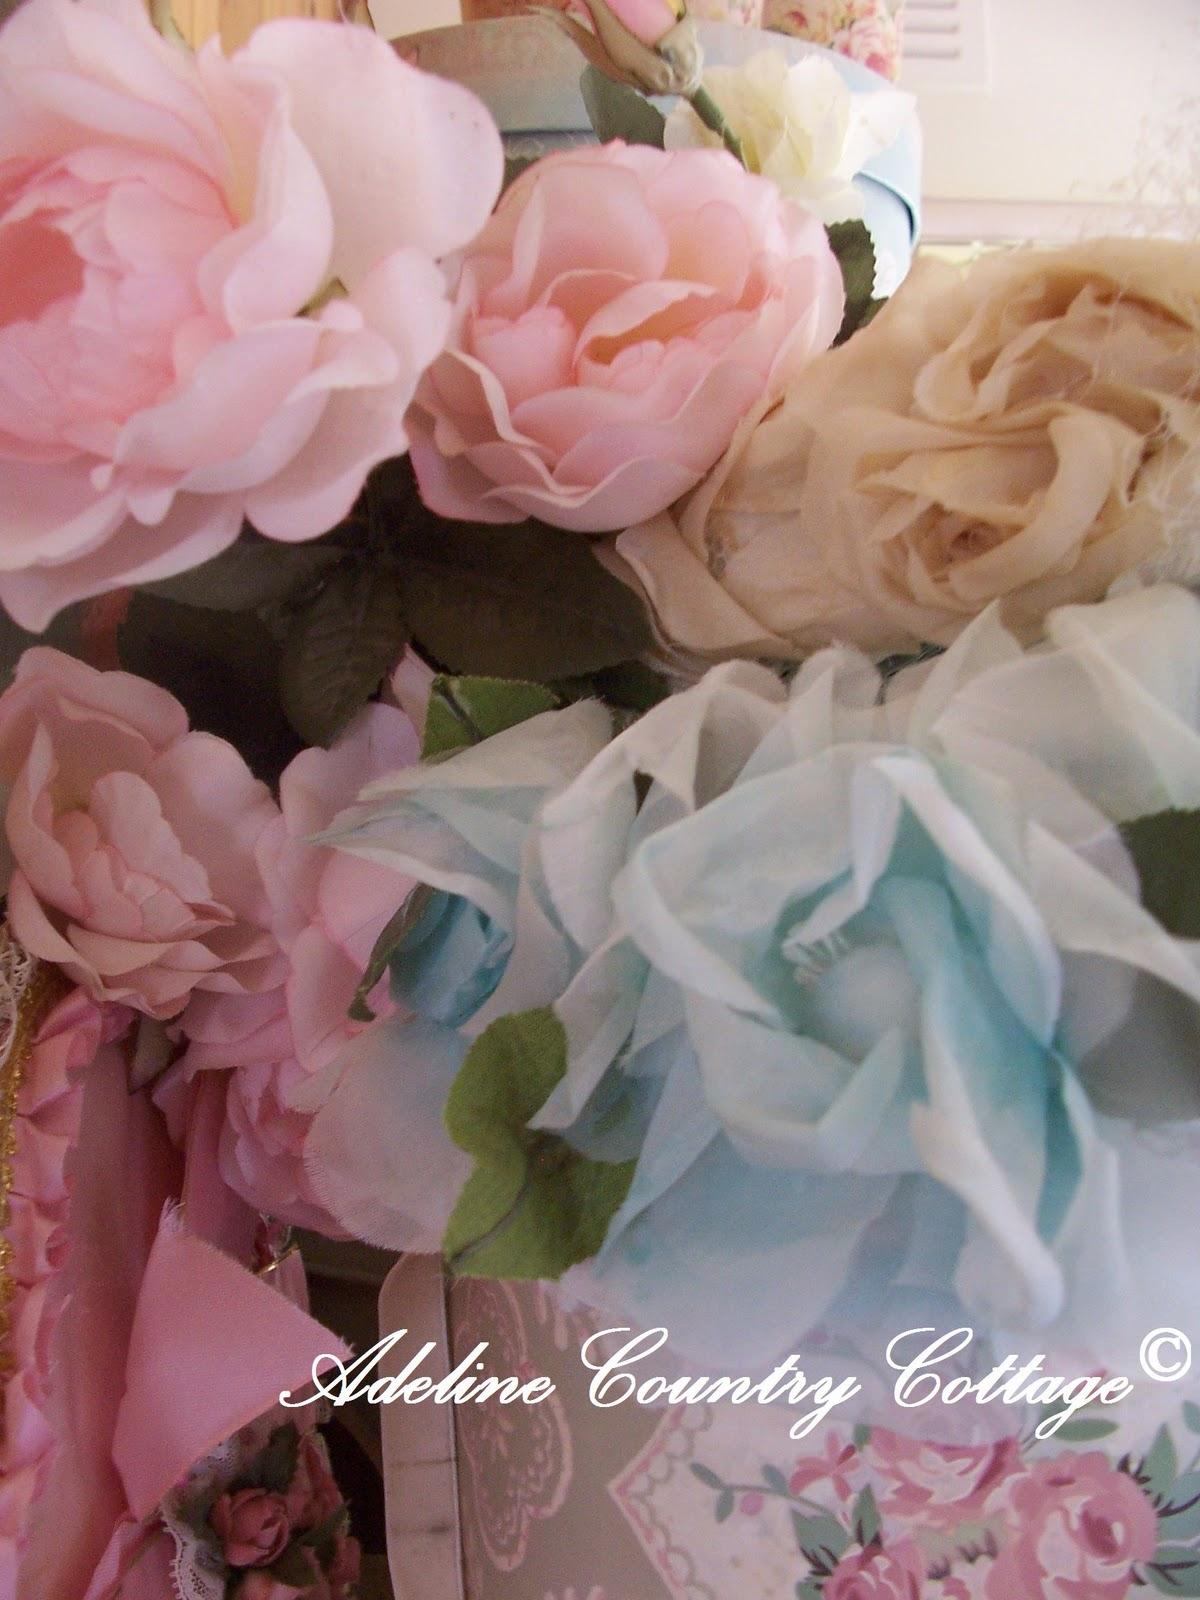 http://2.bp.blogspot.com/_i18Yajy0grc/TH5xBozCtrI/AAAAAAAABC8/1S1IRh_Hpy8/s1600/vintage+flower+millinery+hats+1.jpg
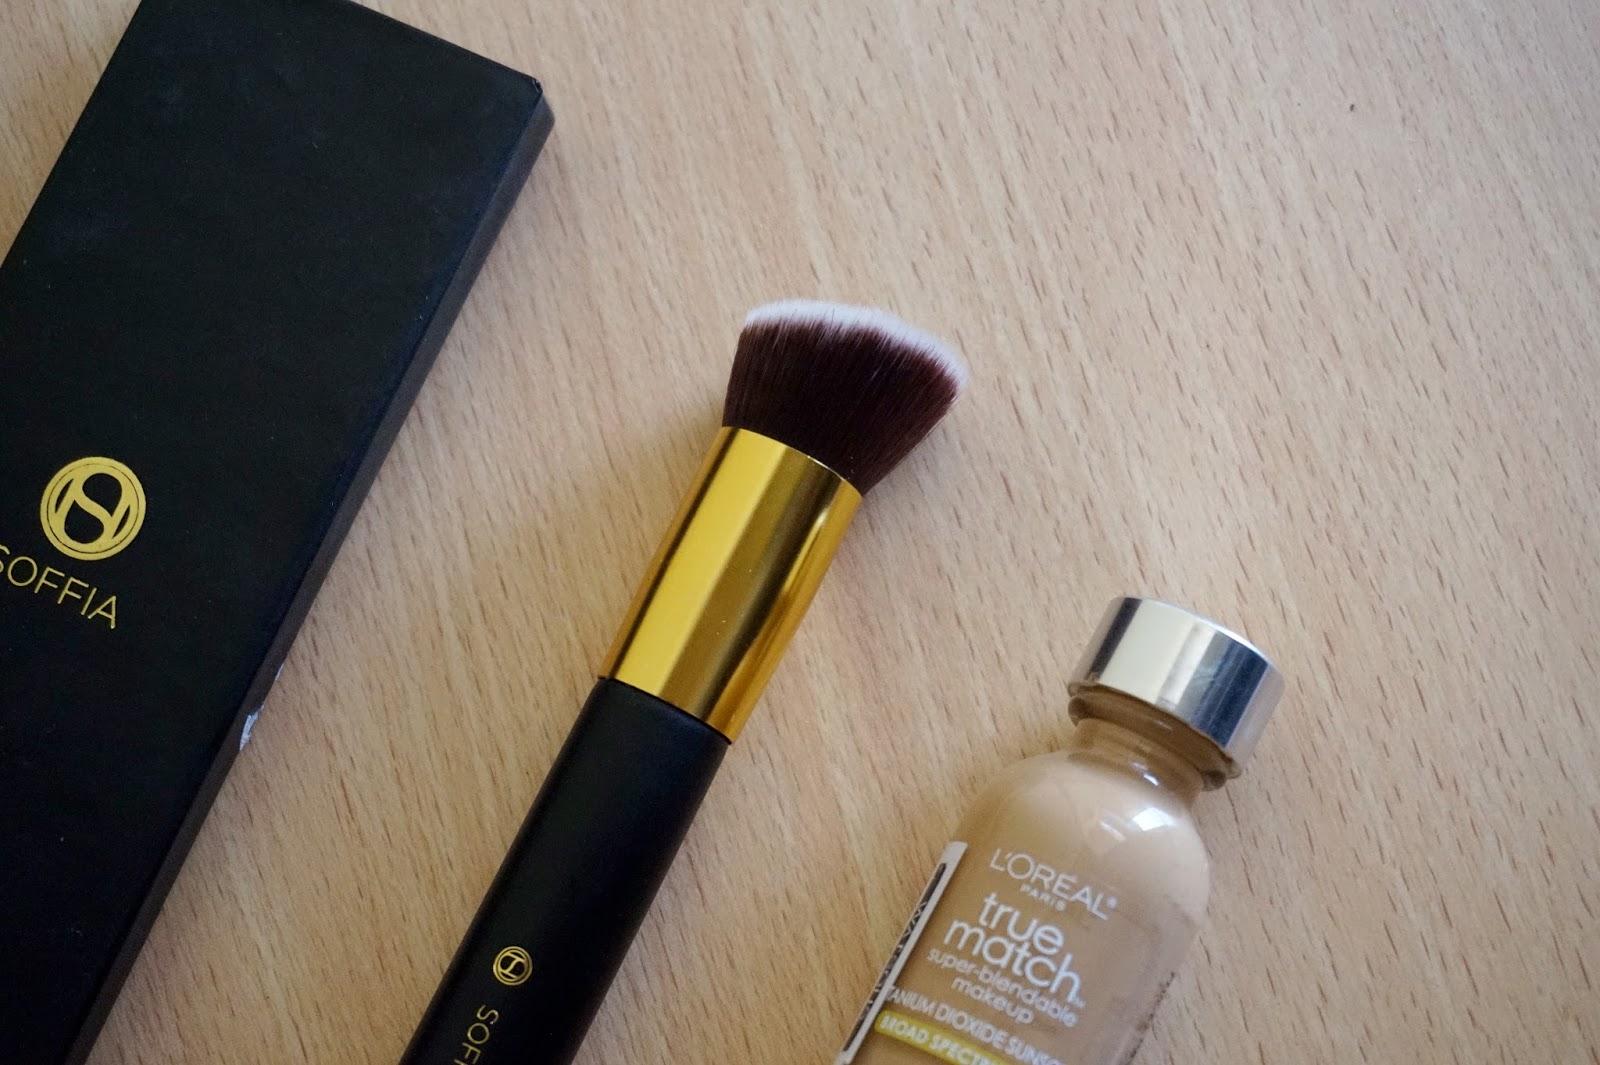 soffia opulence brush
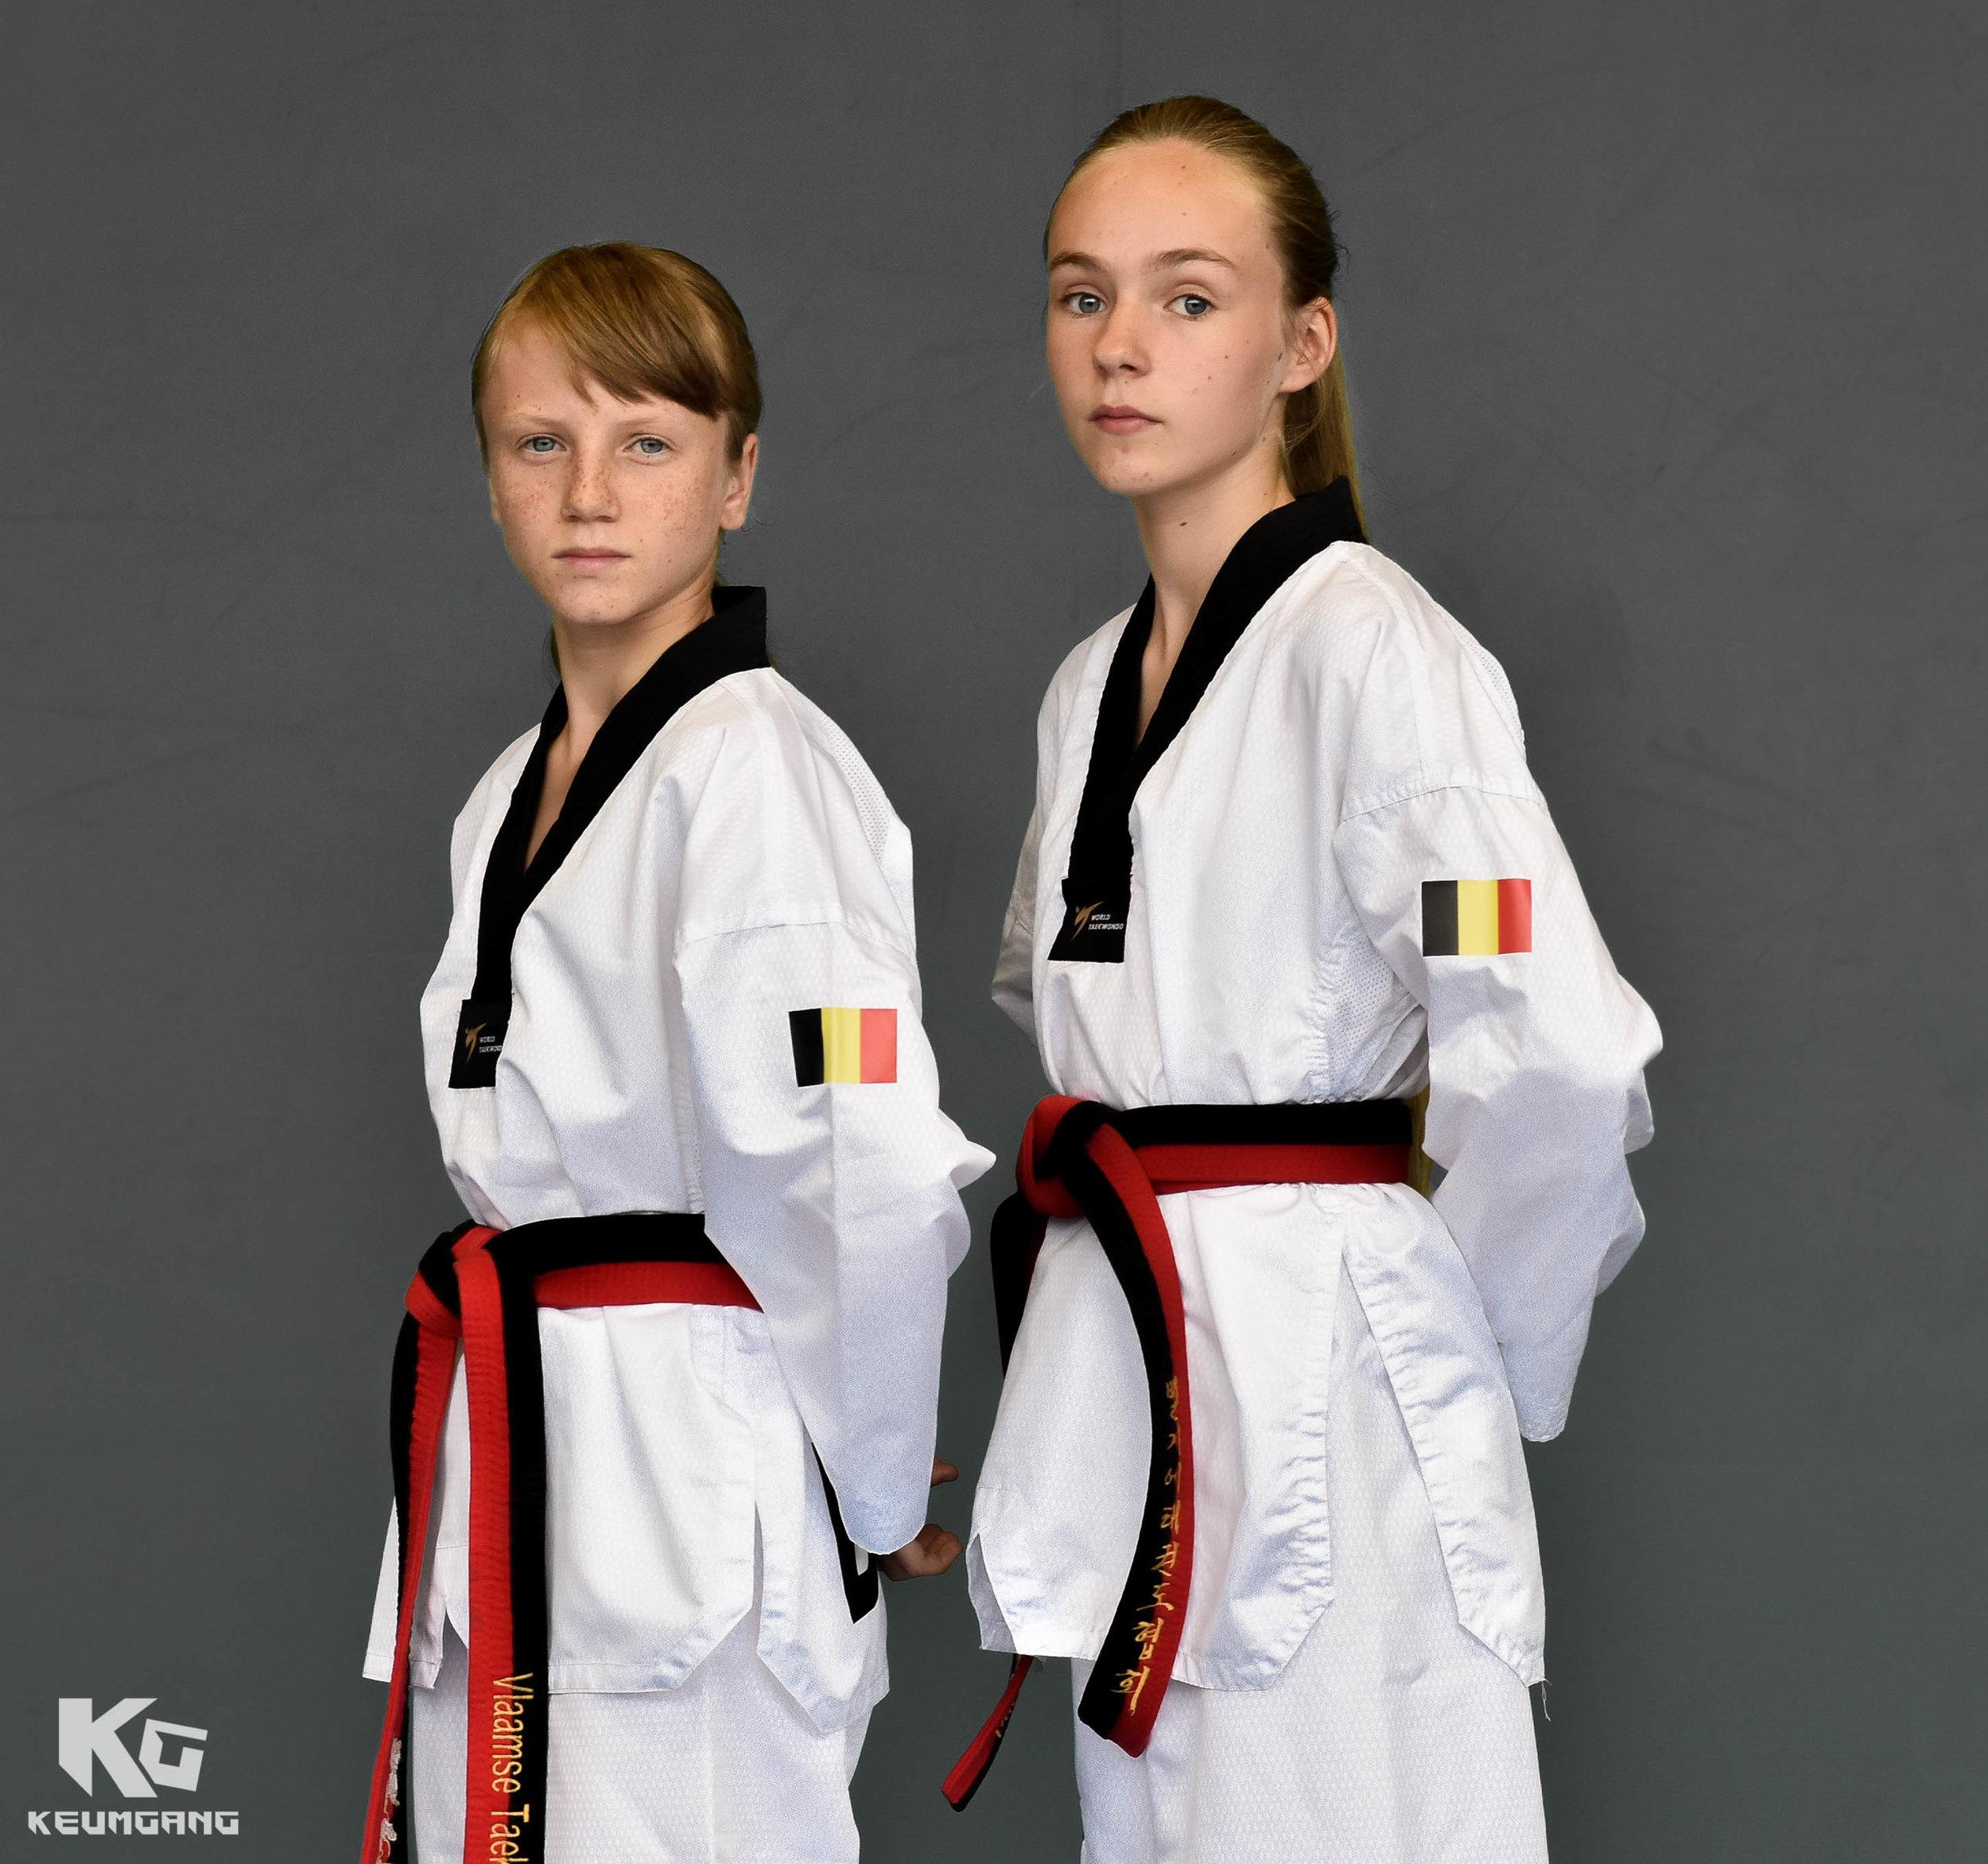 Hanne (l) & Tasha (r) naar WK taekwondo_2.jpg
────────
**WHAT YOU WILL DO**
Word for word, reproduce each line from the one with "soffia opulence brush" through the last line of the material above, both included, and drop the pictures.

**REPLY TO THE EXERCISE**
 soffia opulence brush
 Hanne (l) & Tasha (r) naar WK taekwondo_2.jpg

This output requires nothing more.